Que me faut-il regarder, car dans le panneau de configuration je n'ai pas vu grand chose qui pourrait influencer cette réactivité (j'ai supprimé certains effets pour voir, mais pas beaucoup de résultat!

----------

## nuts

moi je le trouve pas specialement lent, mais les ralentissement que je note c est des coupure dans xmms ou gmplayer pendant que je surf avec firefox en meme temps

----------

## marc.driver

Pour ma machine, c'est réellement rhédibitoire! Pas possible de l'utiliser en l'état.

J'ai l'impression que ma souris est fainéante: je clique, quelquefois j'ai l'impression qu'il faut la secouer pour que cela déclenche quelquechose (cependant, toujours sur le tapis pour faire rouler la boule).

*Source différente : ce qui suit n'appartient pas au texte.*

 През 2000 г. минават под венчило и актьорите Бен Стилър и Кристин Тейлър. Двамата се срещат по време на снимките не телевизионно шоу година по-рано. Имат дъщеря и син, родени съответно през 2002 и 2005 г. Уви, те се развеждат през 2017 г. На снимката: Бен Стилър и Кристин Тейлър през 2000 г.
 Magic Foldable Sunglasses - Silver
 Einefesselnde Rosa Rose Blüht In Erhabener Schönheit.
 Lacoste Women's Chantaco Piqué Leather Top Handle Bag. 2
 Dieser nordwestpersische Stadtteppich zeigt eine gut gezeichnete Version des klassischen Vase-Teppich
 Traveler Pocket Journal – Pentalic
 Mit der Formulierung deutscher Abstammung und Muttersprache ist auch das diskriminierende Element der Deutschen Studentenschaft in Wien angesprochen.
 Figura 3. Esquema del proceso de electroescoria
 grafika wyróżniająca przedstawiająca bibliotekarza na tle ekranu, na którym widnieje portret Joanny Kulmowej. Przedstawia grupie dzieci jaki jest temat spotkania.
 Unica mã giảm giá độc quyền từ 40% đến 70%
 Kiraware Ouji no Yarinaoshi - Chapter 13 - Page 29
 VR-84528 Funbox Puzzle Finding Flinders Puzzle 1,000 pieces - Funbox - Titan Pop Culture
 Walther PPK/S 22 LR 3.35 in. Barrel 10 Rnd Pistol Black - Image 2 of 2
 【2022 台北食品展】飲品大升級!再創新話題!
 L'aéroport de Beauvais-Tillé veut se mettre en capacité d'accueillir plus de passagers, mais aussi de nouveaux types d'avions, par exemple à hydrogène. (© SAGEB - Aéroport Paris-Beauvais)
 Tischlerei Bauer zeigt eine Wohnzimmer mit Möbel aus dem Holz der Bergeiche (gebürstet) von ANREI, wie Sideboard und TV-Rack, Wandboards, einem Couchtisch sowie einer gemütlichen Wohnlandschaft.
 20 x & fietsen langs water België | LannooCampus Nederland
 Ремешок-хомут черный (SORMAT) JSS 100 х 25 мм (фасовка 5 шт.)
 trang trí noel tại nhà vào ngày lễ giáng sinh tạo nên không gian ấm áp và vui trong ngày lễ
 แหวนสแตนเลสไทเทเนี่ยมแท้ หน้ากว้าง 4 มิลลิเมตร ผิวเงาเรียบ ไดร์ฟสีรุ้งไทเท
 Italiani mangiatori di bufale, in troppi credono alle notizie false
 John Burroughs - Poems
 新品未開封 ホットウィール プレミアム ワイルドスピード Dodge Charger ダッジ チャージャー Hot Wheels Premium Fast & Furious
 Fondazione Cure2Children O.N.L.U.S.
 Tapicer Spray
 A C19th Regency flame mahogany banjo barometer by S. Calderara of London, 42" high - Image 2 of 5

J'en ai même changé, même résultat.

Est-ce que par hazard ce serait parce que je l'ai mise sur /dev/psaux?

----------

## Gaug

si tu as une souris PS2 pas de problème avec /dev/psaux

quand tu déplaces le curseur de la souris sur l'écran est ce que c'est fluide.

----------

## marc.driver

Oui, c'est fluide.

Ce qui ne va pas, c'est quand je clique, cela ne réagit pas, il faut que je bouge un peu la souris (ou bien est-ce une coïncidence?) pour que l'ordre s'exécute!

----------

## Darkael

est-ce que tu as essayé dans un autre environnement que KDE, histoire de voir si c'est pas un problème lié à X ou un problème matériel? (on sait jamais...)

----------

## marc.driver

Non, j'ai pas essayé autre chose car je ne voulais pas encombrer inutilement mon DD (bien qu'il soit gros...). Je peux essayer de mettre Fluxbox, mais j'aurais aimé faire sans!

----------

## spider312

dans ton message, tu as des erreurs ARTS, essaye de désactiver le serveur de son dans les reglages de KDE

----------

## marc.driver

Comment fais-t-on?

EDIT

Je pense que c'est dans le système de sons = décocher la case "activer le système sonore?"

----------

## marc.driver

J'ai désactivé le système de sons, en faisant "applique" cela a fait une erreur. J'ai arrêté kde et j'ai effectivement vu cela sur ma console: ERROR .... sur le système son.

J'ai redémarré kde et cela n'a pas amélioré le système...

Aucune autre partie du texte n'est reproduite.